Effective population-based screening requires adequate compliance among the target population [1]. The goal of the UK breast screening programme, a 25% reduction in mortality, required first-screen compliance to be 70% [2, 3]. This target was exceeded in many areas throughout the UK [4]. Another key prerequisite to maintaining a successful screening programme is acceptability, and the ≥ 90% reattendance rate among previous screenees indicated high acceptability in UK women [4].

Despite meeting most of the targets set, however, breast screening in the UK has not been an unmitigated success story. When screening was introduced there were reports of increased anxiety among the large numbers of women undergoing assessment following positive screening mammography [5]. Although most women do not show abnormalities on their screening mammograms and are simply asked to return for rescreening in 3 years, the mammograms of 5–9% of all women indicate possible malignancy. These women must undergo a second 'assessment' phase of the screening process, which involves further procedures such as ultrasound, needle biopsy and, possibly, open biopsy to establish a definitive diagnosis. As expected, malignancy is ruled out for the majority of women assessed, indicating that the result of their mammography was falsely positive. In the current study, the term 'false positive' is thus applied to any woman who is recalled for assessment on the basis of mammographic findings and in whom cancer is not diagnosed. Other studies may limit use of the term only to those women who have undergone open biopsy with no resultant diagnosis of cancer.
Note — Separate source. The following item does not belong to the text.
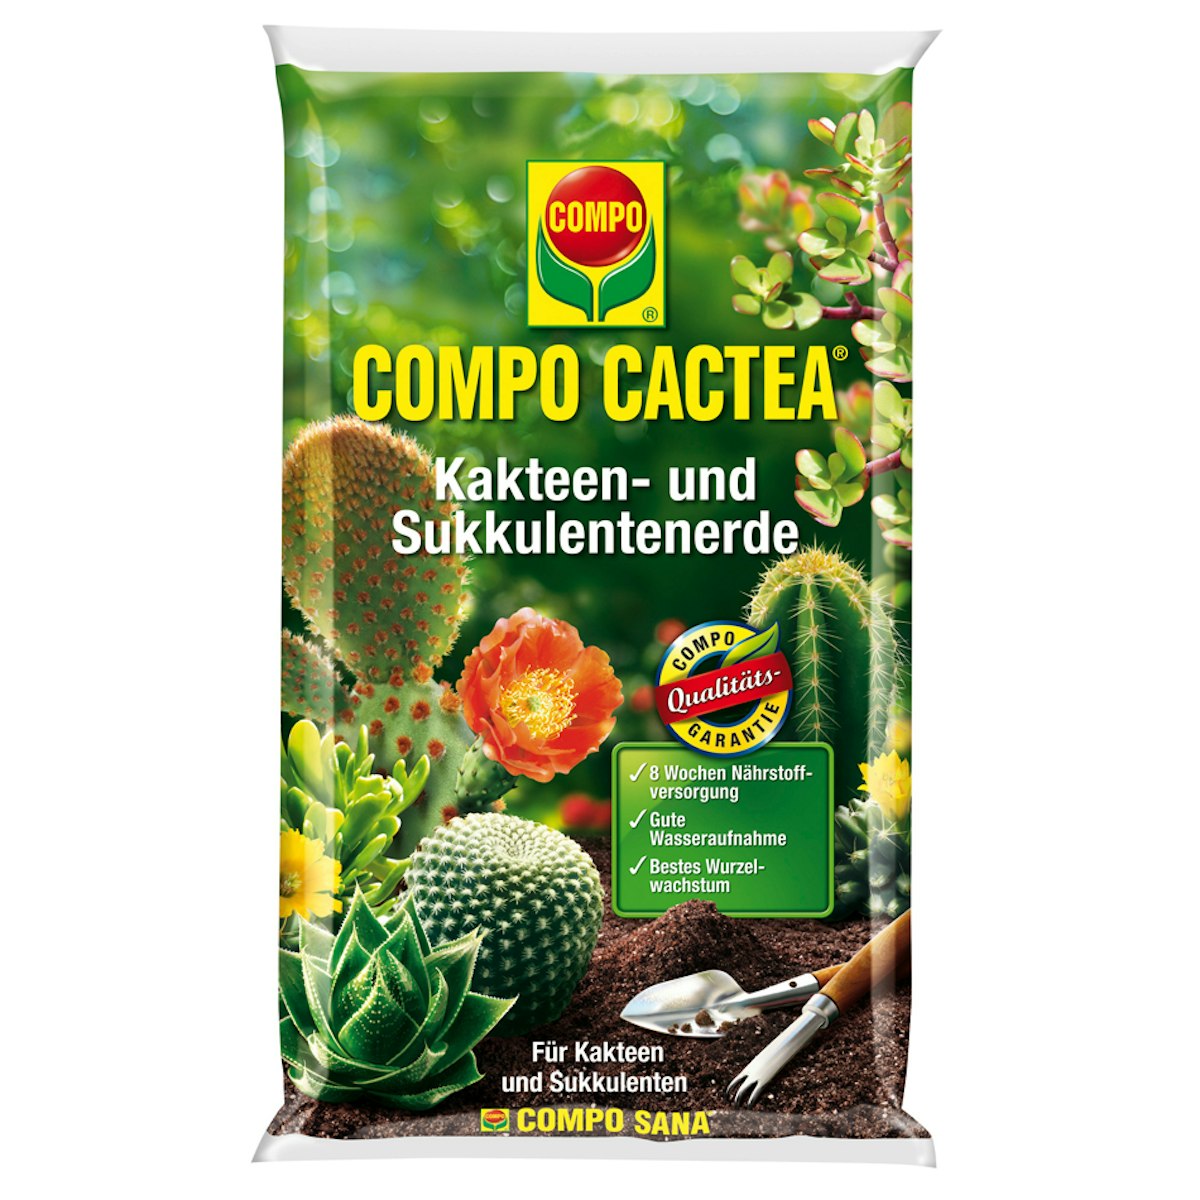 COMPO CACTEA® Kakteen- und Sukkulentenerde 5 L von COMPO

Although some studies have indicated that false-positive mammography does not deter women from reattending [68], it clearly has associated financial and psychological costs. Furthermore, ourselves [9] and other workers [10] have found that women judged false positive at first screen are more likely to develop an interval cancer before the second screening is due. To assess the impact of false-positive mammography on screening effectiveness, we investigate whether false-positive mammography affects subsequent reattendance in East Anglia. We quantify the magnitude of the increased risk of interval cancer, and extend these investigations to determine whether false-positive mammography at first screen increases the risk of cancer detected at second screen. Finally, we compare the pathology of cancers presenting in women who have undergone false-positive mammography with that of cancers in women judged normal at the preceding screening.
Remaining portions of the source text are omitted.